**Input data:**
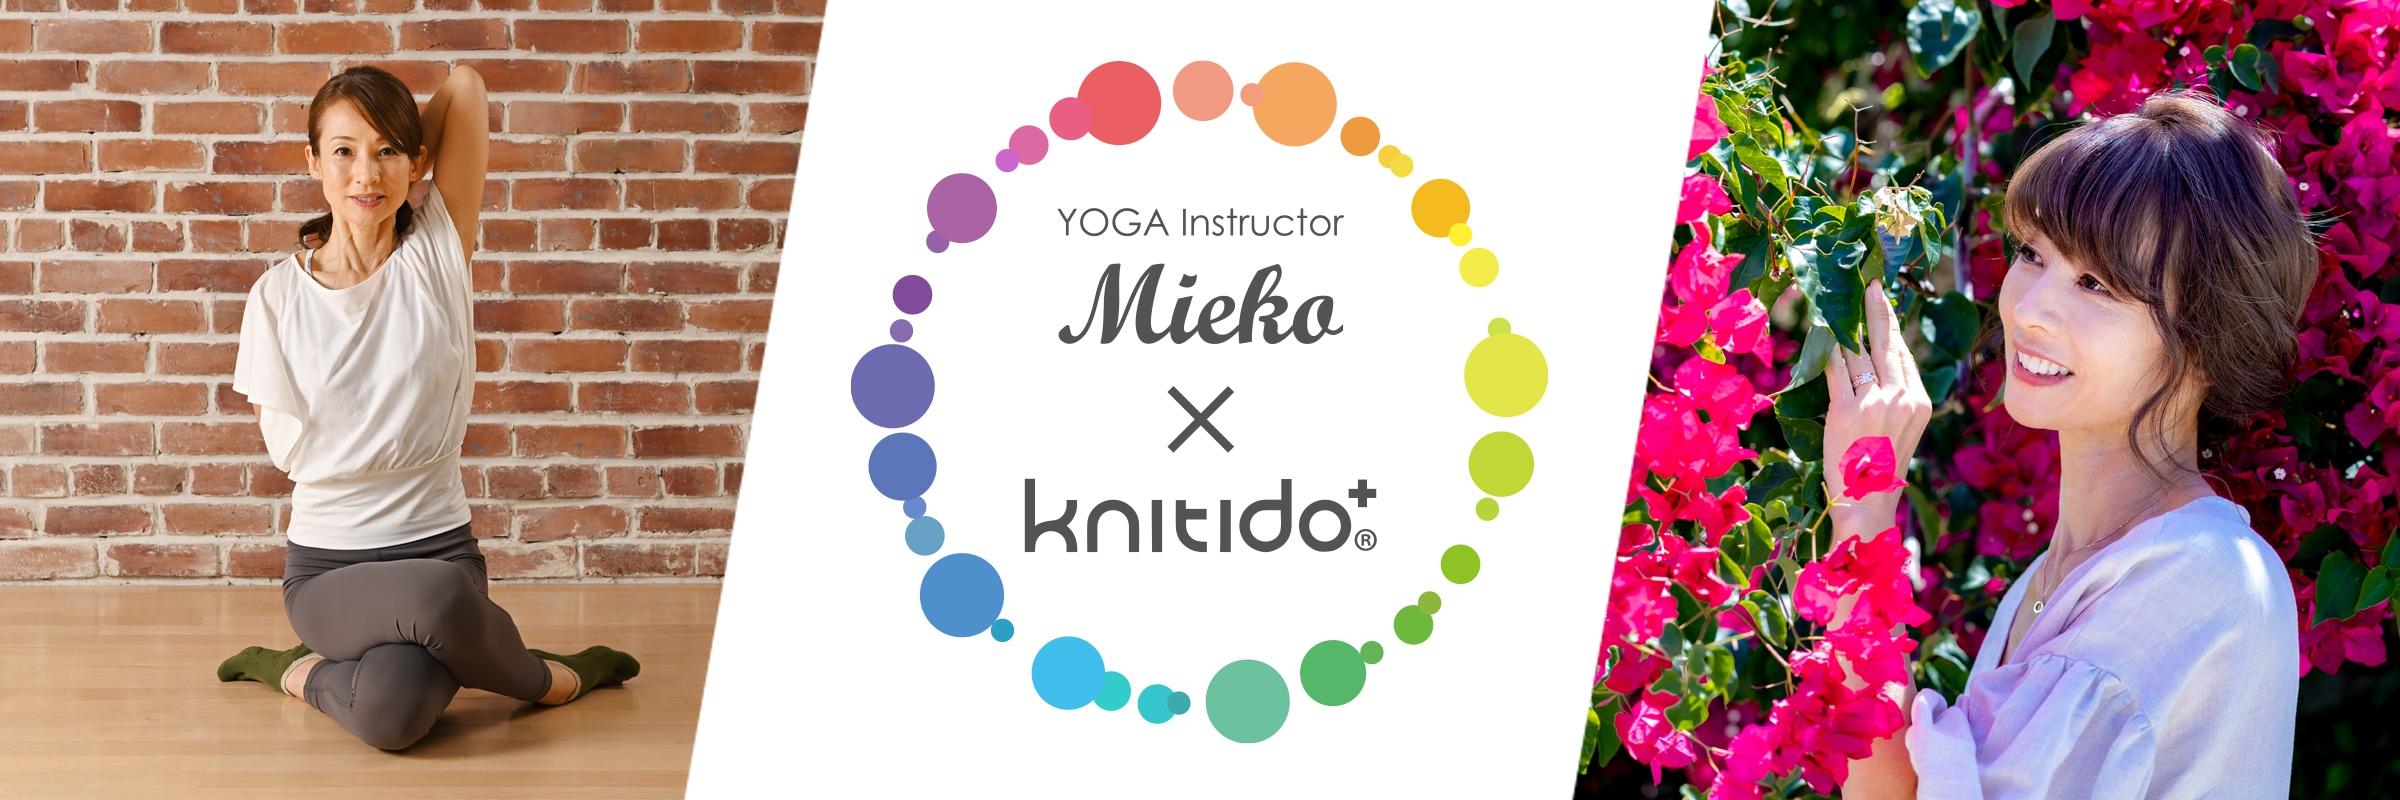 YOGA Instructor Mieko x knitido+
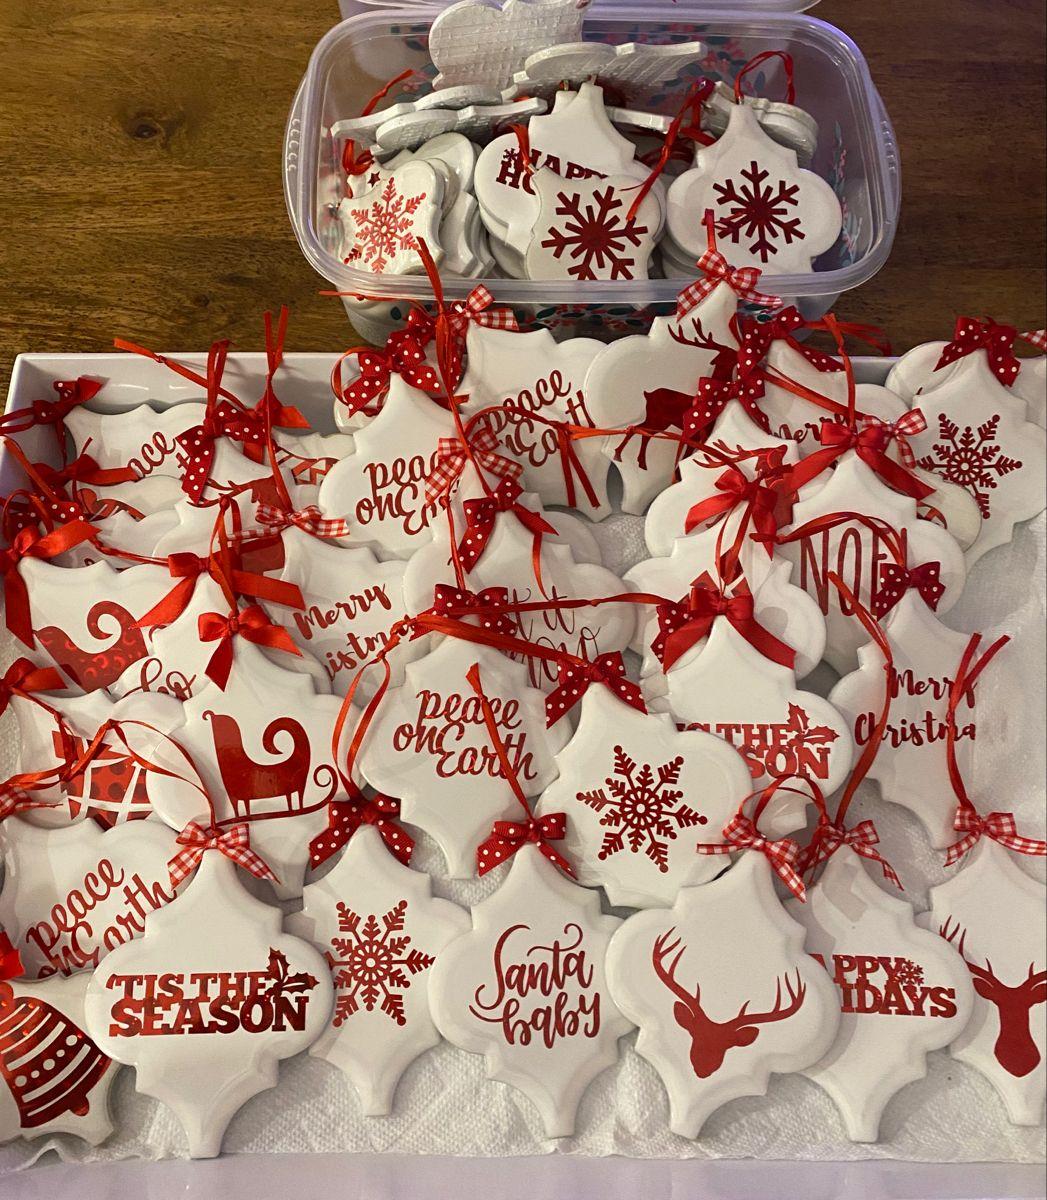 Tile Christmas Ornaments Christmas Ornaments Homemade Cricut Christmas Ideas Vinyl Christmas Ornaments
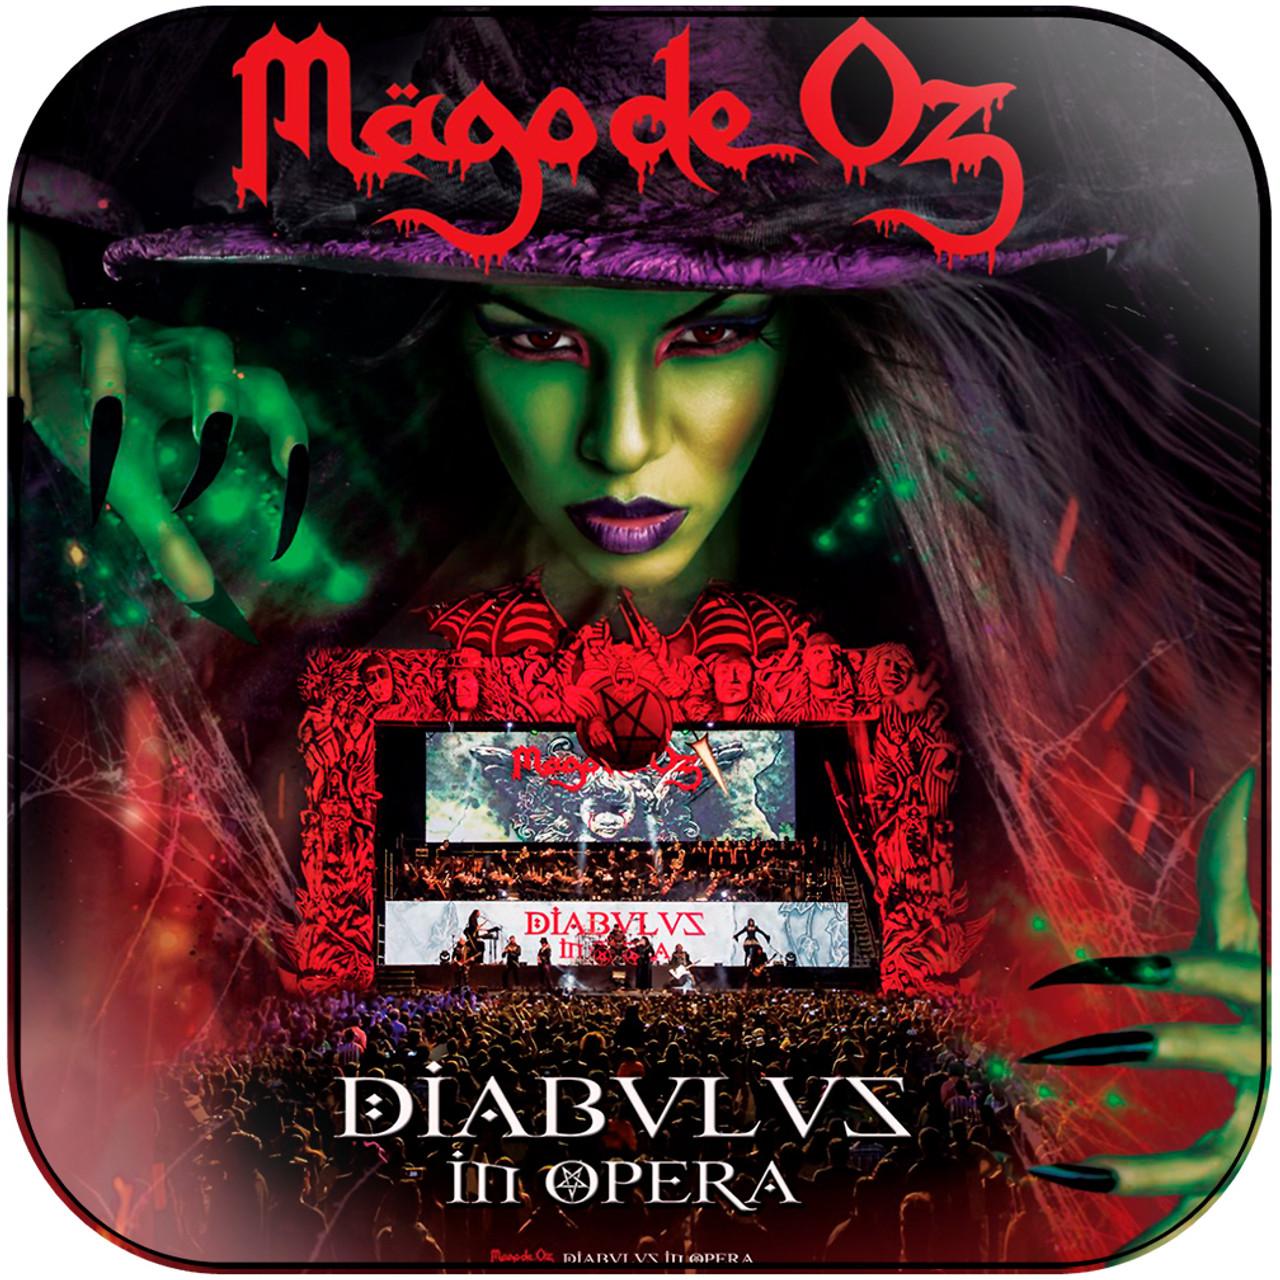 Mago De Oz Diabulus In Opera Album Cover Sticker
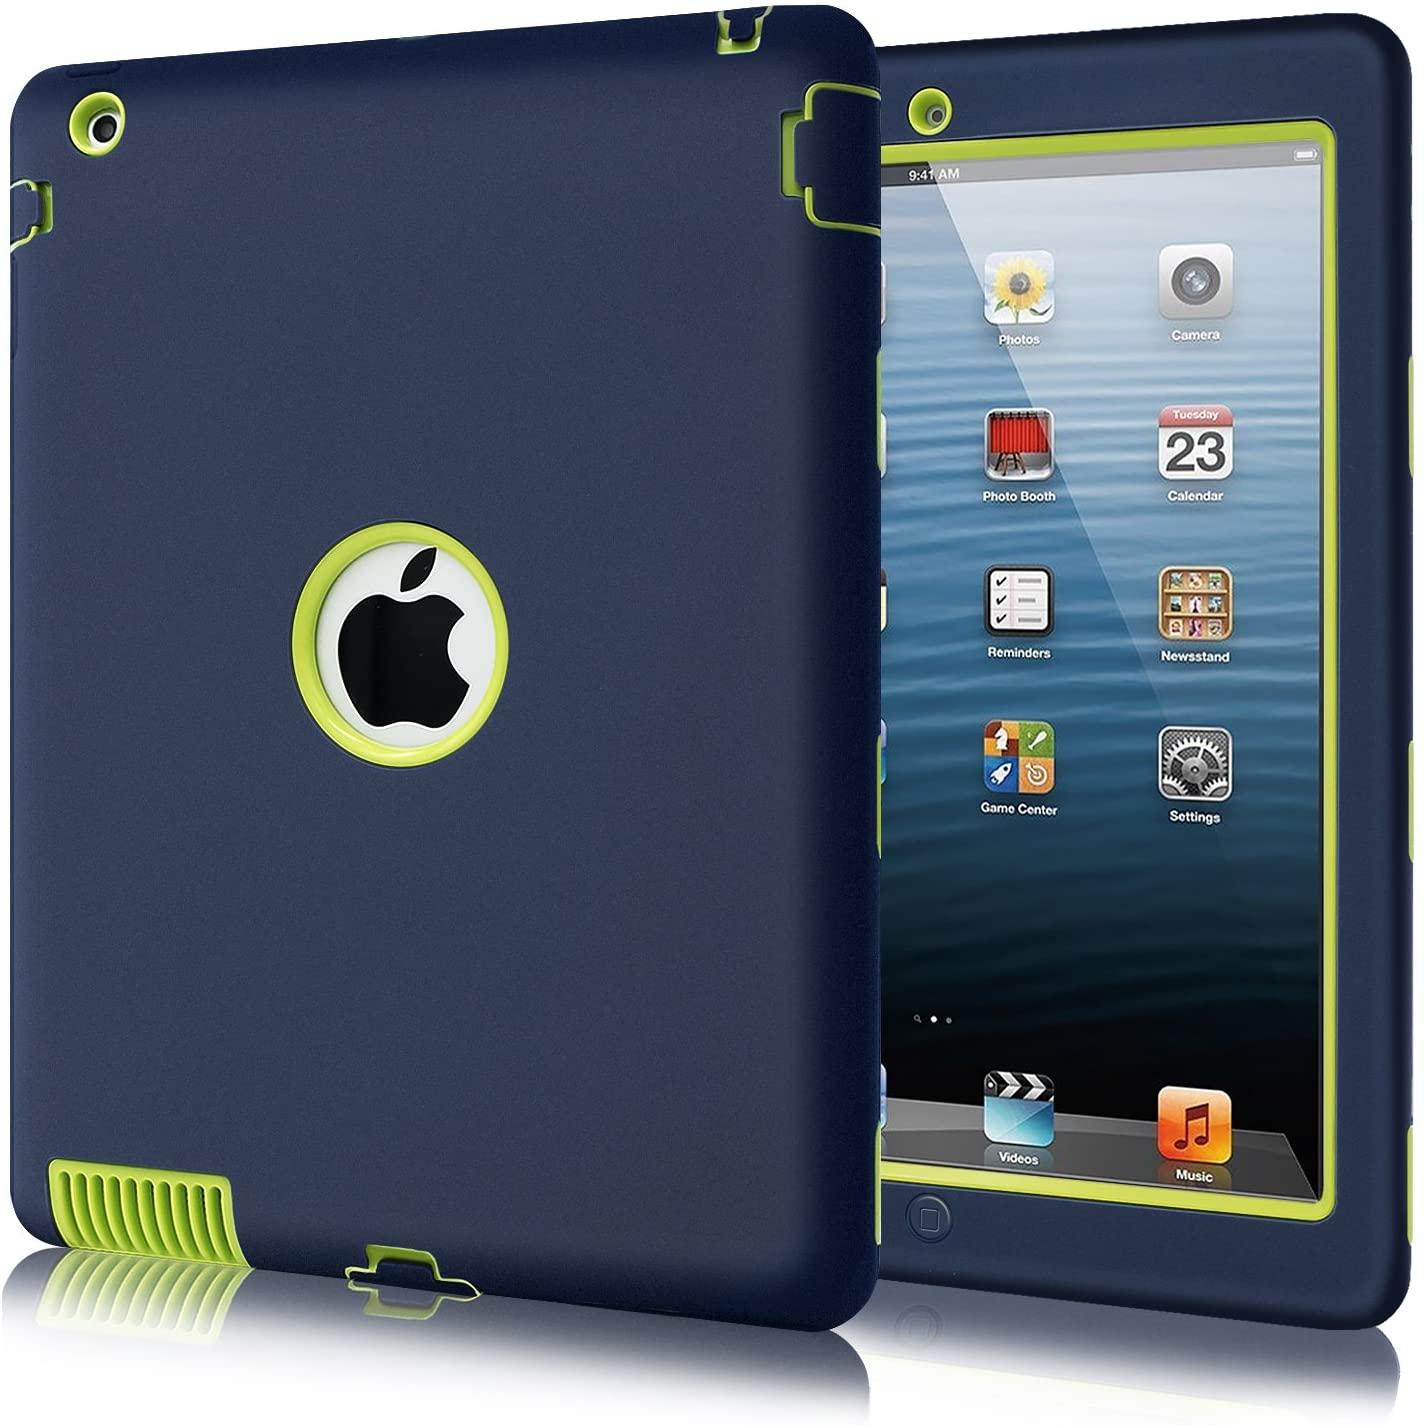 iPad 2 Case, iPad 3 Case,Fingic iPad 4 Case Full Body 3 Layer Heavy Duty Shock-Absorption High Impact Resistant Hybrid Rugged Protective Case for Apple iPad 2/3/4 Retina,Navy Blue&Green

**What is needed:** Reproduce word for word the lines running from the line with "Tile Christmas Ornaments" through the end of the data, both included, and nothing else; leave out the pictures.

**Written response:**
 Tile Christmas Ornaments Christmas Ornaments Homemade Cricut Christmas Ideas Vinyl Christmas Ornaments
 Mago De Oz Diabulus In Opera Album Cover Sticker
 iPad 2 Case, iPad 3 Case,Fingic iPad 4 Case Full Body 3 Layer Heavy Duty Shock-Absorption High Impact Resistant Hybrid Rugged Protective Case for Apple iPad 2/3/4 Retina,Navy Blue&Green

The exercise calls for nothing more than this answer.